The computational hurdles associated with Large Language Model (LLM) inference continue to impede their widespread deployment, particularly as prompt lengths increase. Current methods for speeding up pre-filling often struggle to maintain acceptable levels of accuracy or efficiency when applied to long-context LLMs.
To address the abovementioned issue, in a new paper MInference 1.0: Accelerating Pre-filling for Long-Context LLMs via Dynamic Sparse Attention, a research team from Microsoft Corporation and University of Surrey introduces MInference (Milliontokens Inference), which employs a sparse calculation approach designed to expedite the pre-filling of long-sequence processing. It can reduce inference latency by up to 10 times on an A100 GPU while preserving accuracy.

Previous studies have indicated that attention matrices in LLMs are highly sparse, but attention distributions vary significantly across different inputs. This variability has hindered the direct application of prior sparse methods to long-context LLMs without costly training or fine-tuning. However, if dynamic sparse attention patterns could be efficiently predicted online, the pre-filling latency of long-context LLMs could be significantly reduced by computing only the most critical attention weights.

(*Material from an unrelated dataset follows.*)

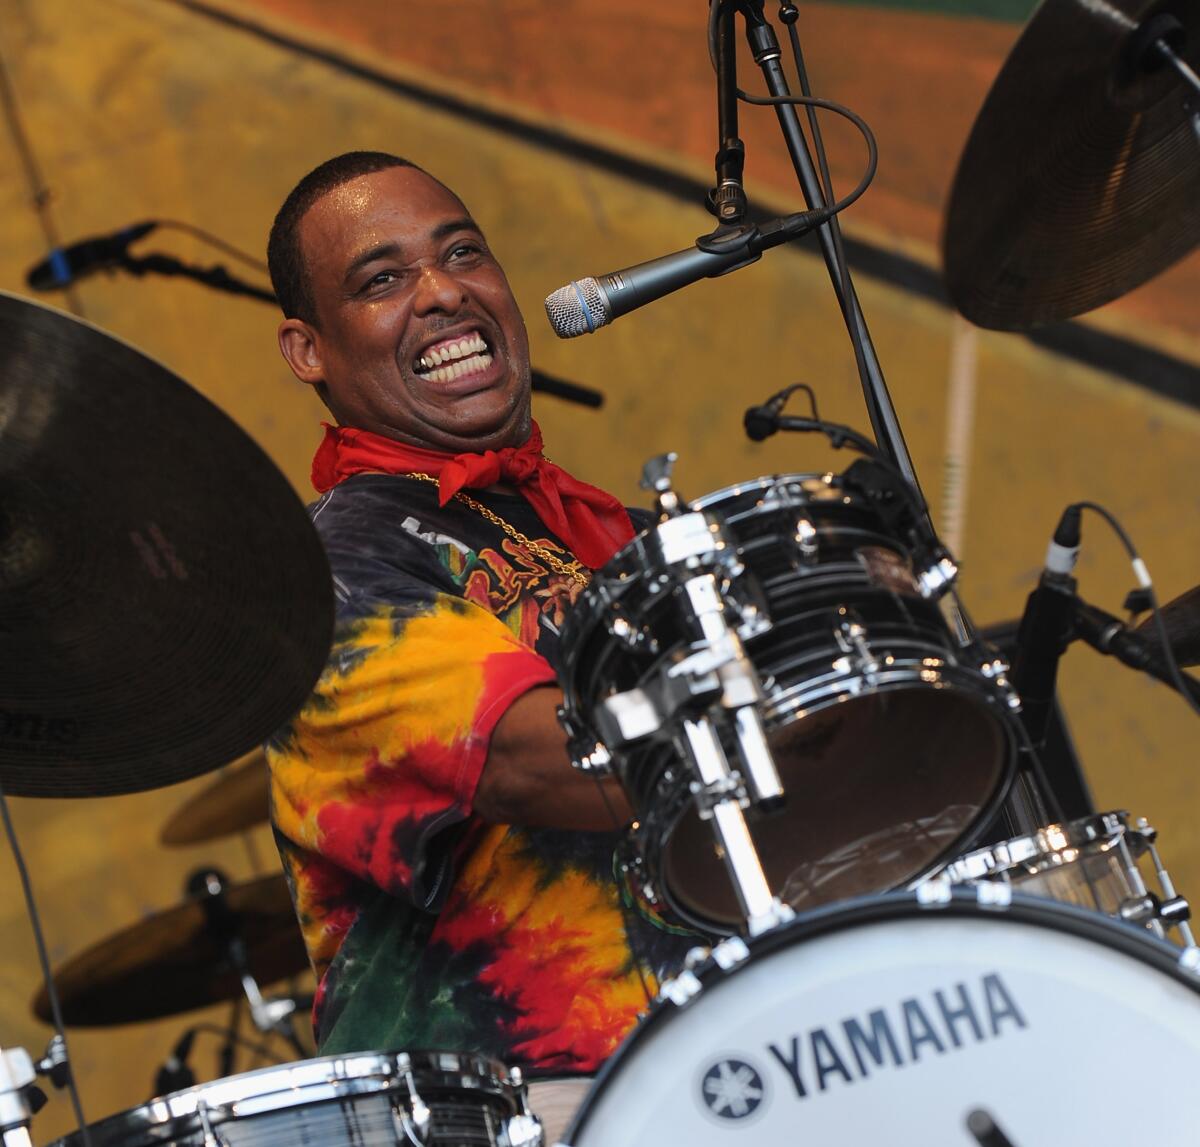 A smiling man performs behind a drum set at a festival.

Building on this idea, MInference reduces 95% of the FLOPs (floating-point operations per second) in the attention computation, significantly accelerating the pre-filling stage of long-context LLM inference via dynamic sparse attention. Unlike existing dynamic sparse attention methods, which introduce substantial computational overhead to estimate attention patterns with low-rank hidden dimensions, MInference is specifically designed for long-context scenarios with minimal estimation overhead.
The researchers conducted extensive analyses and identified three general patterns of sparse attention in long-context LLMs: the A-shape pattern, the Vertical-Slash pattern, and the Block-Sparse pattern. Based on these findings, they developed a kernel-aware search method to assign the optimal attention pattern for each head.
Notably, rather than using fixed attention masks as in previous studies, the researchers implemented an efficient online approximation to construct a dynamic sparse mask for each head according to its assigned pattern and specific inputs. After obtaining the dynamic sparse mask, three optimized GPU kernels—based on the dynamic sparse compilers PIT, Triton, and FlashAttention—enable extremely efficient computation of dynamic sparse attention.


In their empirical study, the team conducted experiments on various long-context LLMs across benchmarks with context lengths exceeding 1 million tokens, such as InfiniteBench and RULER. The results demonstrated that MInference speeds up the pre-filling stage by up to 10 times for 1 million-token contexts with LLaMA-3-8B on a single A100 GPU, reducing latency from 30 minutes to 3 minutes per prompt, while maintaining or improving accuracy.
The paper MInference 1.0: Accelerating Pre-filling for Long-Context LLMs via Dynamic Sparse Attention is on arXiv.
Author: Hecate He | Editor: Chain Zhang

I visited Sapphire Las Vegas last weekend, and it was an amazing experience. As the top strip club las vegas, it certainly lives up to the hype. The dancers are gorgeous and talented, and the overall vibe of the place is lively and welcoming. I can’t wait to go back next time I’m in town.
Osh University stands tall among international universities , offering a global perspective to students. Immerse yourself in a culturally rich environment where academic excellence and diversity converge, shaping well-rounded individuals.